- **ABOUT THIS TASK**
From the line with "Adidas Stan Smith" down to the final line of the records below, retype everything exactly and leave out the rest.

======

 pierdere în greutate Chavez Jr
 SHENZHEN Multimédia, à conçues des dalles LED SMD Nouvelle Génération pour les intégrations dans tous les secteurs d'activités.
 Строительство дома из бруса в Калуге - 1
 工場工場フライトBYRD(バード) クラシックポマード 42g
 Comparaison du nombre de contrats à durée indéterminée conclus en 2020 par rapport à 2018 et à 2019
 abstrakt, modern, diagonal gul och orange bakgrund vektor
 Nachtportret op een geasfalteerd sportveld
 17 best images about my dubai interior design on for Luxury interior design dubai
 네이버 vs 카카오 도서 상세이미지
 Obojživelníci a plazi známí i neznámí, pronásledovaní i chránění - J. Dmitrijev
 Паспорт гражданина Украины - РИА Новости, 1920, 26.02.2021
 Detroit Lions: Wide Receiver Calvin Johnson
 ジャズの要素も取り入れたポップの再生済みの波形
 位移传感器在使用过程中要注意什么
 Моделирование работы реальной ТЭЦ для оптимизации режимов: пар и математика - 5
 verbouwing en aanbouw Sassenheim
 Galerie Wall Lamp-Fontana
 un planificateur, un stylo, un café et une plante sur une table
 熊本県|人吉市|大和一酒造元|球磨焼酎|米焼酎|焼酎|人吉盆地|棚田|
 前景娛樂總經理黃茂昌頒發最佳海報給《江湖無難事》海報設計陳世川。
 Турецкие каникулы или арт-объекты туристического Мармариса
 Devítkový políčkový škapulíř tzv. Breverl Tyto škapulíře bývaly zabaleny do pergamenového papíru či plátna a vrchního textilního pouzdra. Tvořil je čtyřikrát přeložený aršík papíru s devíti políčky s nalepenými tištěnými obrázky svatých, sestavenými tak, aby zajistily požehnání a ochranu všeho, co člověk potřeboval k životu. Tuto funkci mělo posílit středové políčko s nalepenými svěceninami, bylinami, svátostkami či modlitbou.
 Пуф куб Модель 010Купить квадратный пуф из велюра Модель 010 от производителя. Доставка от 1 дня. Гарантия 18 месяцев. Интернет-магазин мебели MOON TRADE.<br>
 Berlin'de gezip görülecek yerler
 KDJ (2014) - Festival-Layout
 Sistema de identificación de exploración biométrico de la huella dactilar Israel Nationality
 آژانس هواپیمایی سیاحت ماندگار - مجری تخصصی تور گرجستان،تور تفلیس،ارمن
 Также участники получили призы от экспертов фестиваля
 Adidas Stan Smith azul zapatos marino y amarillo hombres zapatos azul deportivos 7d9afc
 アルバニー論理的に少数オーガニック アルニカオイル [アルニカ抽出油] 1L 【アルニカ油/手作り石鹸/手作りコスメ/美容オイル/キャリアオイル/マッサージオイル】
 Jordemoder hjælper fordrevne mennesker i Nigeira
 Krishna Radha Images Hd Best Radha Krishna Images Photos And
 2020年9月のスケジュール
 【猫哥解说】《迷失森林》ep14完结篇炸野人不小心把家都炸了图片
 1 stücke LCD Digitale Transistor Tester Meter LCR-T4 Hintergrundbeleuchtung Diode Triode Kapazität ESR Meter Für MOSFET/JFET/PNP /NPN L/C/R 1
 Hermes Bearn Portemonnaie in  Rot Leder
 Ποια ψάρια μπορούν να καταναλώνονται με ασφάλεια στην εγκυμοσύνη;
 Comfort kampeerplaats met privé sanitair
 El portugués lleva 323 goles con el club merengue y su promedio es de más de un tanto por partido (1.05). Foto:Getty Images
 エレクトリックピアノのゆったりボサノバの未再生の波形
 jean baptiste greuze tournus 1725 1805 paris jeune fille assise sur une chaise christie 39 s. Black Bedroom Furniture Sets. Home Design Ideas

======

- **REPLY**
 Adidas Stan Smith azul zapatos marino y amarillo hombres zapatos azul deportivos 7d9afc
 アルバニー論理的に少数オーガニック アルニカオイル [アルニカ抽出油] 1L 【アルニカ油/手作り石鹸/手作りコスメ/美容オイル/キャリアオイル/マッサージオイル】
 Jordemoder hjælper fordrevne mennesker i Nigeira
 Krishna Radha Images Hd Best Radha Krishna Images Photos And
 2020年9月のスケジュール
 【猫哥解说】《迷失森林》ep14完结篇炸野人不小心把家都炸了图片
 1 stücke LCD Digitale Transistor Tester Meter LCR-T4 Hintergrundbeleuchtung Diode Triode Kapazität ESR Meter Für MOSFET/JFET/PNP /NPN L/C/R 1
 Hermes Bearn Portemonnaie in  Rot Leder
 Ποια ψάρια μπορούν να καταναλώνονται με ασφάλεια στην εγκυμοσύνη;
 Comfort kampeerplaats met privé sanitair
 El portugués lleva 323 goles con el club merengue y su promedio es de más de un tanto por partido (1.05). Foto:Getty Images
 エレクトリックピアノのゆったりボサノバの未再生の波形
 jean baptiste greuze tournus 1725 1805 paris jeune fille assise sur une chaise christie 39 s. Black Bedroom Furniture Sets. Home Design Ideas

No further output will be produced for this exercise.